In contrast, steel No. In Nos. 16 to 23, the steel material component was appropriate, and the average aspect ratio and Young's modulus ratio of the oxide inclusions were appropriate, so the L ₁₀ life was sufficiently improved.

Claims (3)

C: 0.8 to 1.1% (% means mass%, hereinafter the same unless otherwise specified),
Si: 0.15 to 0.8%,
Mn: 0.1 to 1.0%,
Cr: 1.3-1.8%,
P: 0.05% or less (excluding 0%),
S: 0.015% or less (excluding 0%),
Al: 0.0002 to 0.005%,
Ca: 0.0002 to 0.0020%,
Ti: 0.0005 to 0.010%,
O: 0.0025% or less (excluding 0%)
The balance consists of iron and inevitable impurities,
Oxide inclusions with an inclusion size of 5 μm or more determined by the formula: (major axis × minor axis) ^1/2 existing in the cross section parallel to the rolling direction of the steel material after spheroidizing annealing and quenching / tempering . the average value of the Young's modulus and E _1, wherein when the average value of the Young's modulus of the matrix phase and E _2: Young's modulus ratio determined by the E ₁ / E ₂ is less than 0.5 ultra 1.5,
The average value of the aspect ratio of the oxide inclusions having a minor axis of 1 μm or more, which is present in a section parallel to the rolling direction of the steel material after spheroidizing annealing and quenching / tempering, is 3.0 or less. Steel material for bearings with excellent rolling fatigue characteristics.

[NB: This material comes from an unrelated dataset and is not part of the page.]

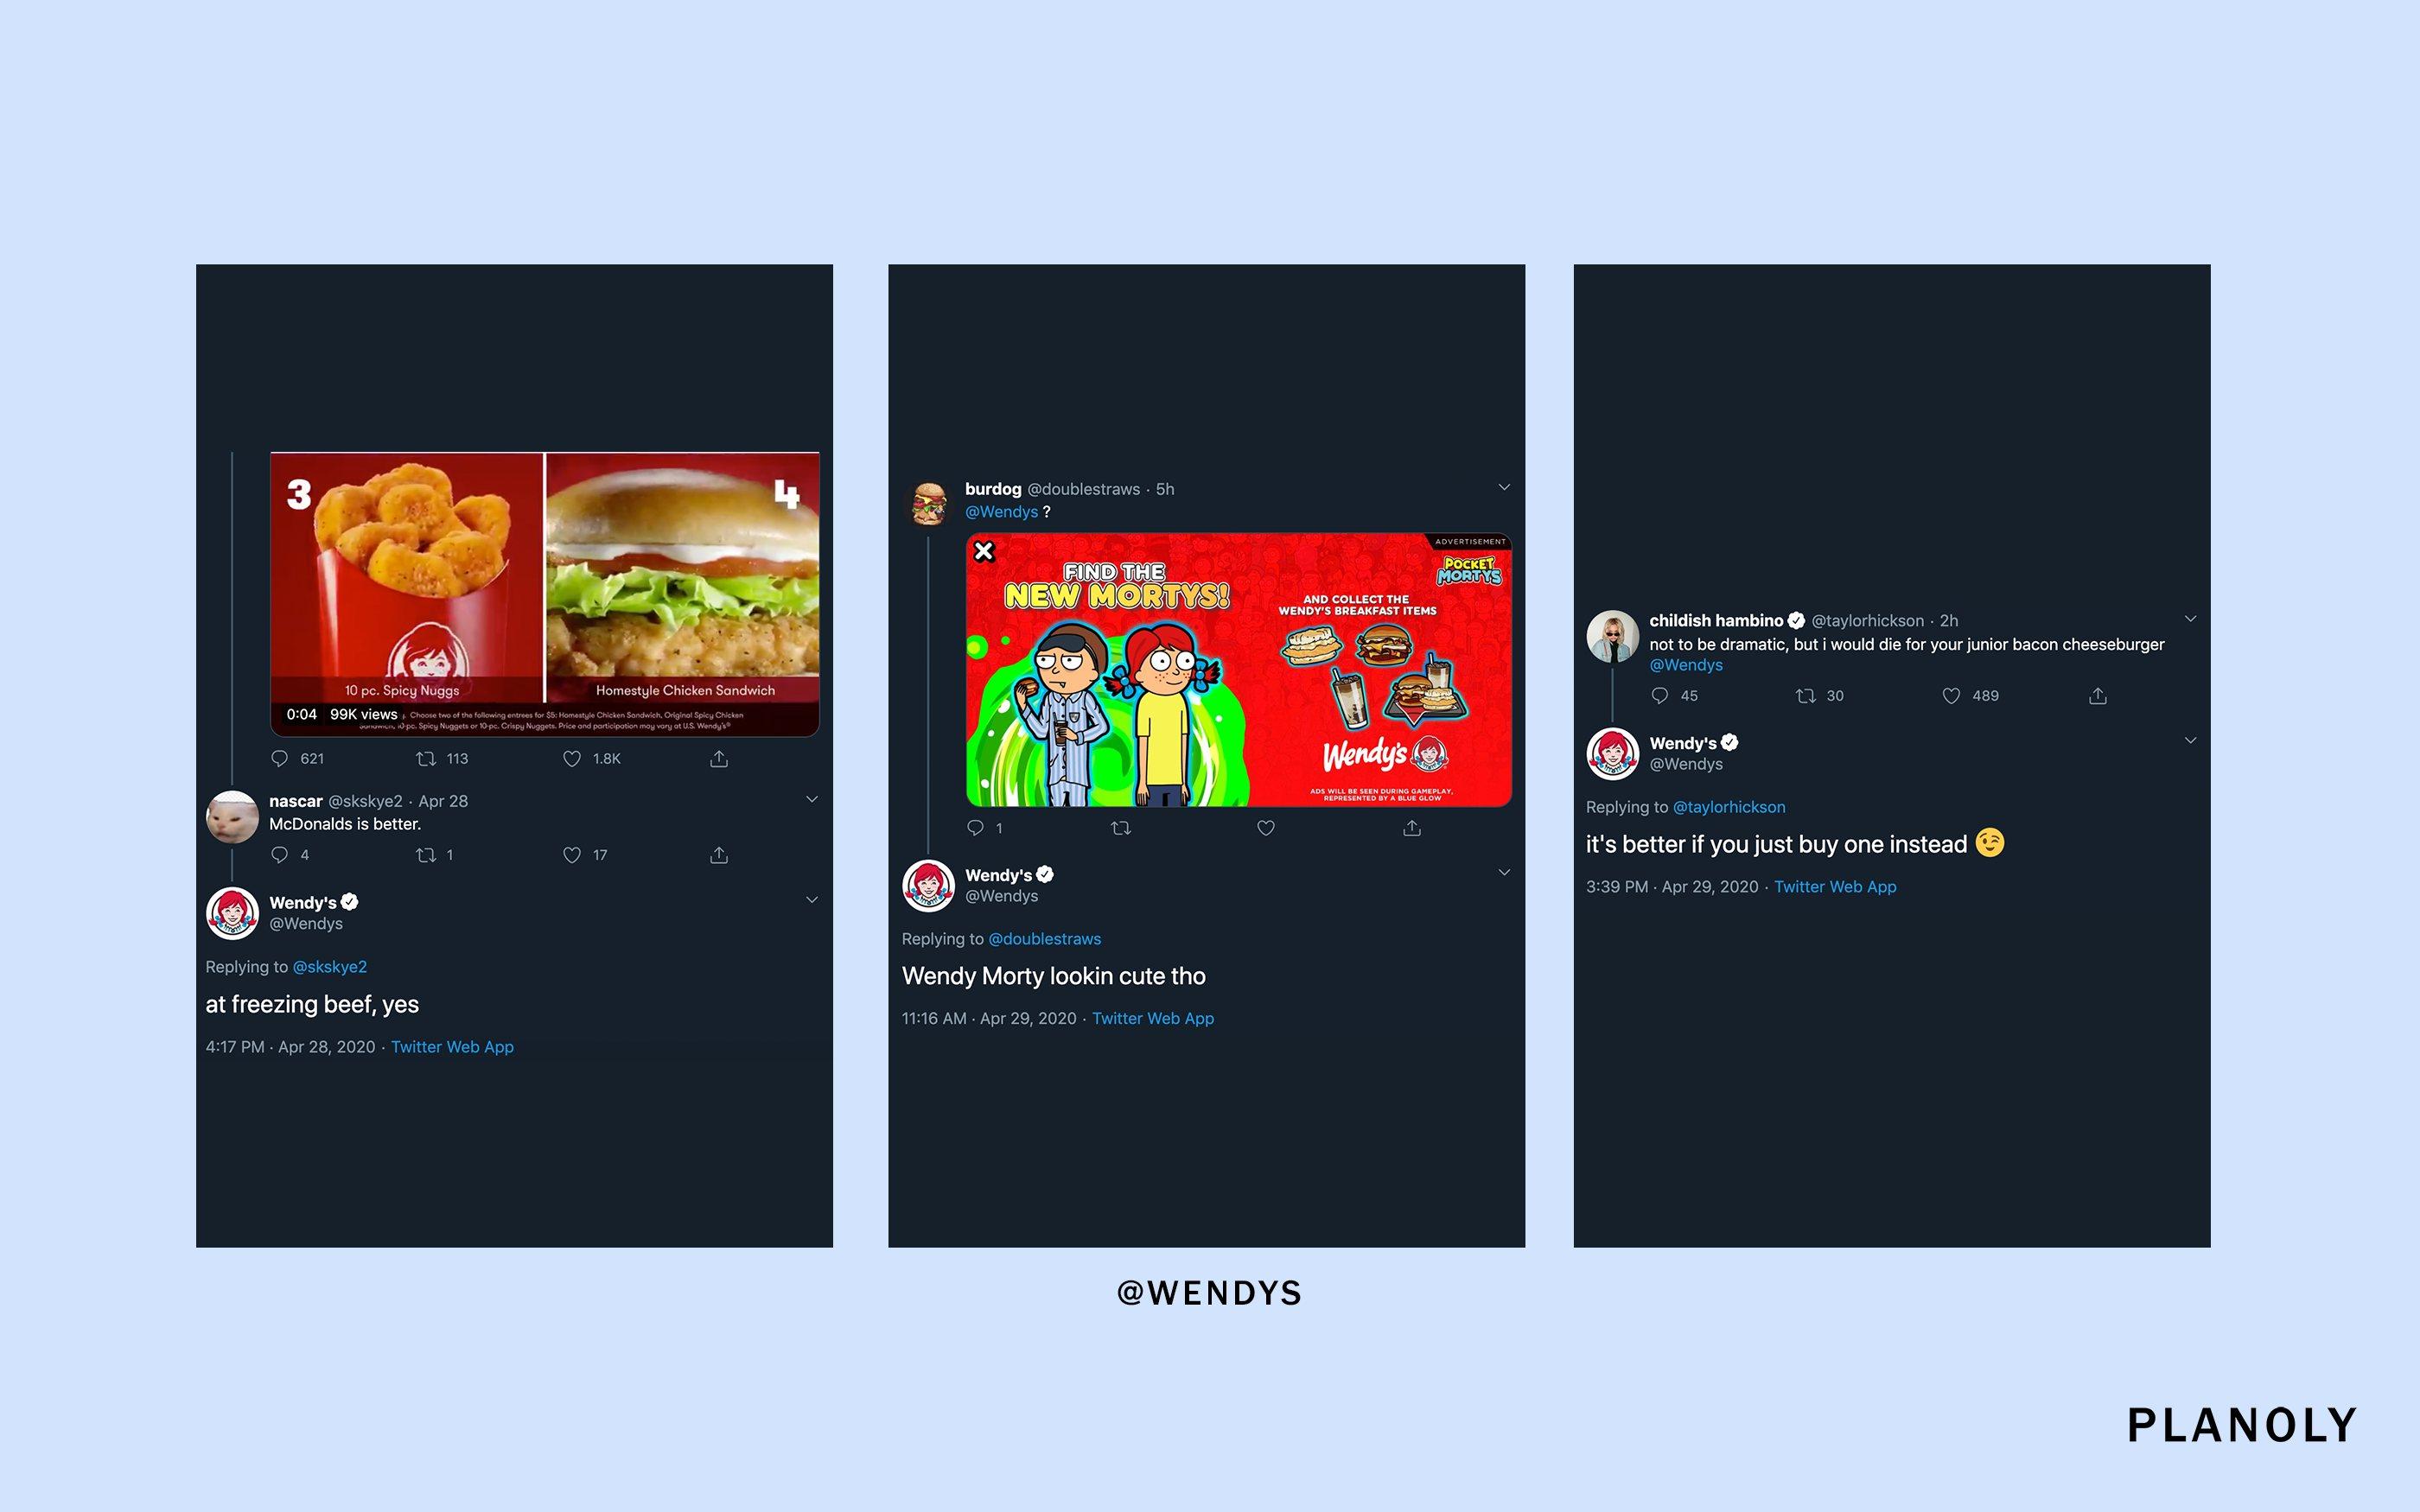 PLANOLY-Blog-Post-Twitter-Marketing-Strategies-Image-3

The oxide inclusions minor diameter is more than 1μm contained in the steel, by mass% of the average composition,
CaO: 20 to 50%,
Al ₂ O ₃ : 20 to 50%,
And 20~57%,: SiO ₂
TiO ₂ : 3 to 10% and MgO: 3 to 10% any one or both,
The bearing steel according to claim 1, wherein the balance is made of impurities. Bearing component formed of steel bearing according to claim 1 or 2.